Background information
- Born: Théophanis Lamboukas 26 January 1936 Paris, France
- Died: 28 August 1970 (aged 34) Limoges, France
- Genres: Chanson
- Occupations: Singer, actor
- Years active: 1962–1970
- Spouse: Édith Piaf ​ ​(m. 1962; died 1963)​

= Théo Sarapo =

French singer and actor (1936–1970)

Théophanis Lamboukas (Θεοφάνης Λαμπουκάς; 26 January 1936 - 28 August 1970), professionally known as Théo Sarapo (/fr/), was a French singer and actor. He started his career as a hairstylist and was influenced by Édith Piaf, whom he married a year before her death in 1962, to become a singer.

==Early life and career==
Sarapo was born in Paris to Greek parents. He scored a hit with Édith Piaf in 1962 with the song "À quoi ça sert l'amour ?" (What Good Is Love?) and solo hits with "La maison qui ne chante plus" (The House Which No Longer Sings), and "Ce jour viendra" (That Day Will Come); its English-language version, "Our Day Will Come", was notably covered by Ruby & the Romantics and others.

When he began singing with Piaf, Sarapo's voice was rather nasal, but over the next few years his tone mellowed.

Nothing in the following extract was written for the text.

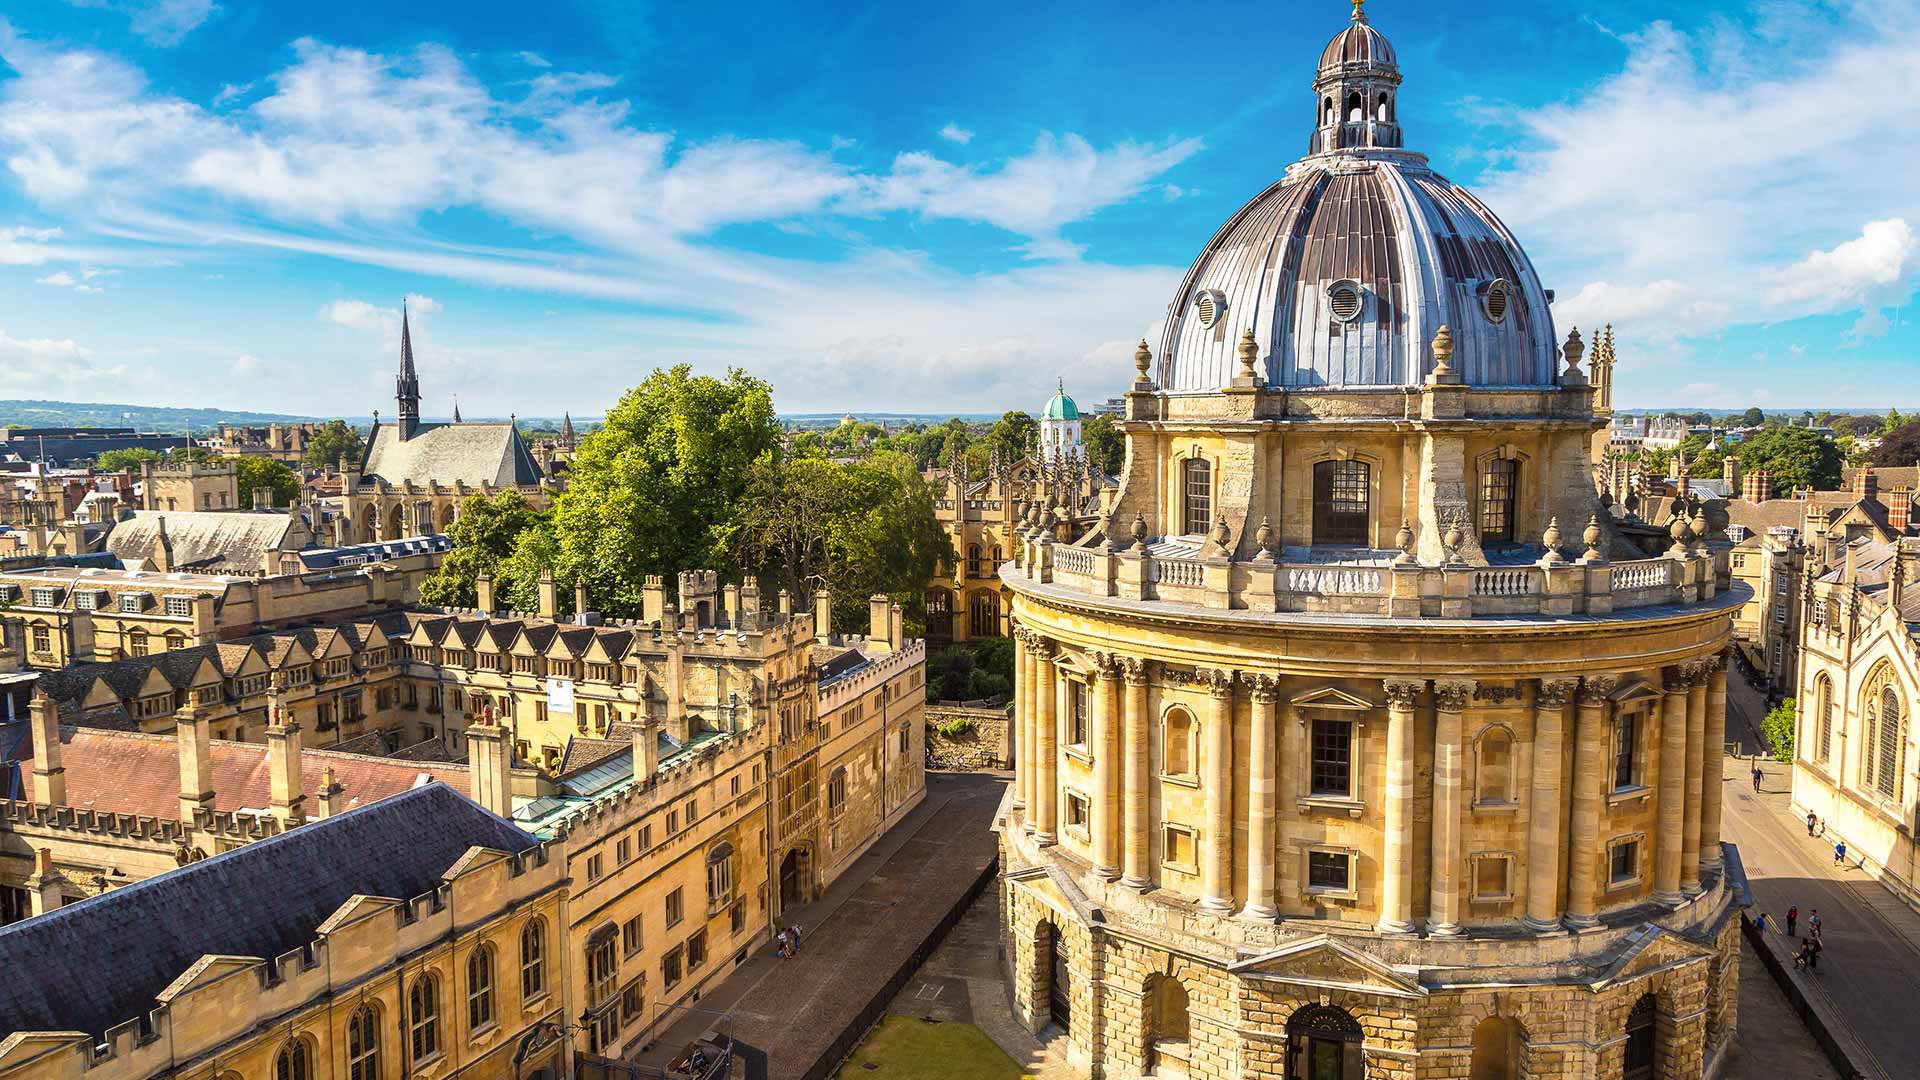 The Bodleian Library in Oxford, England
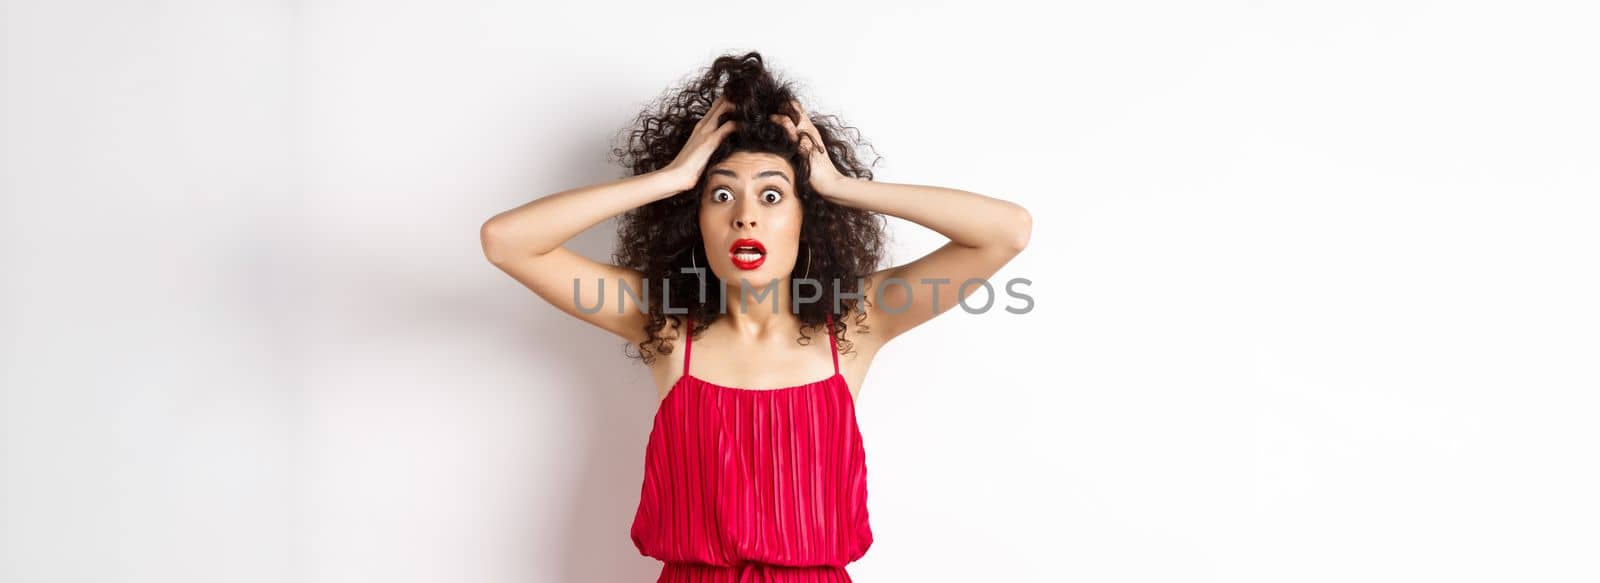 Shocked young woman holding hands on head and panicking, staring frustrated at camera, wearing red dress and makeup, white background by Benzoix

His other hits included "La Ronde" (The Round) and "Nous n'étions pas pareils" (We Weren't Alike).

As an actor, Sarapo's best- known film was Judex, directed by Georges Franju, which was being filmed at the time of Piaf's death.

==Relationship with Piaf==
Sarapo was the second (and final) husband of Édith Piaf, and was twenty years her junior. Formerly a hairdresser, he was introduced to her by Claude Figus, Piaf's secretary. He married Piaf at the age of 26 in an Orthodox ceremony.

He often recorded and performed in concert with Piaf during their brief marriage, which ended with her death in 1963. His stage name Sarapo is a French approximation of the Greek for "I love you" (σ'αγαπώ, /el/), and was chosen by Piaf herself. Sarapo was the last in a long line of Piaf discoveries (including Yves Montand, Les Compagnons de la chanson, Georges Moustaki, Charles Aznavour, etc.).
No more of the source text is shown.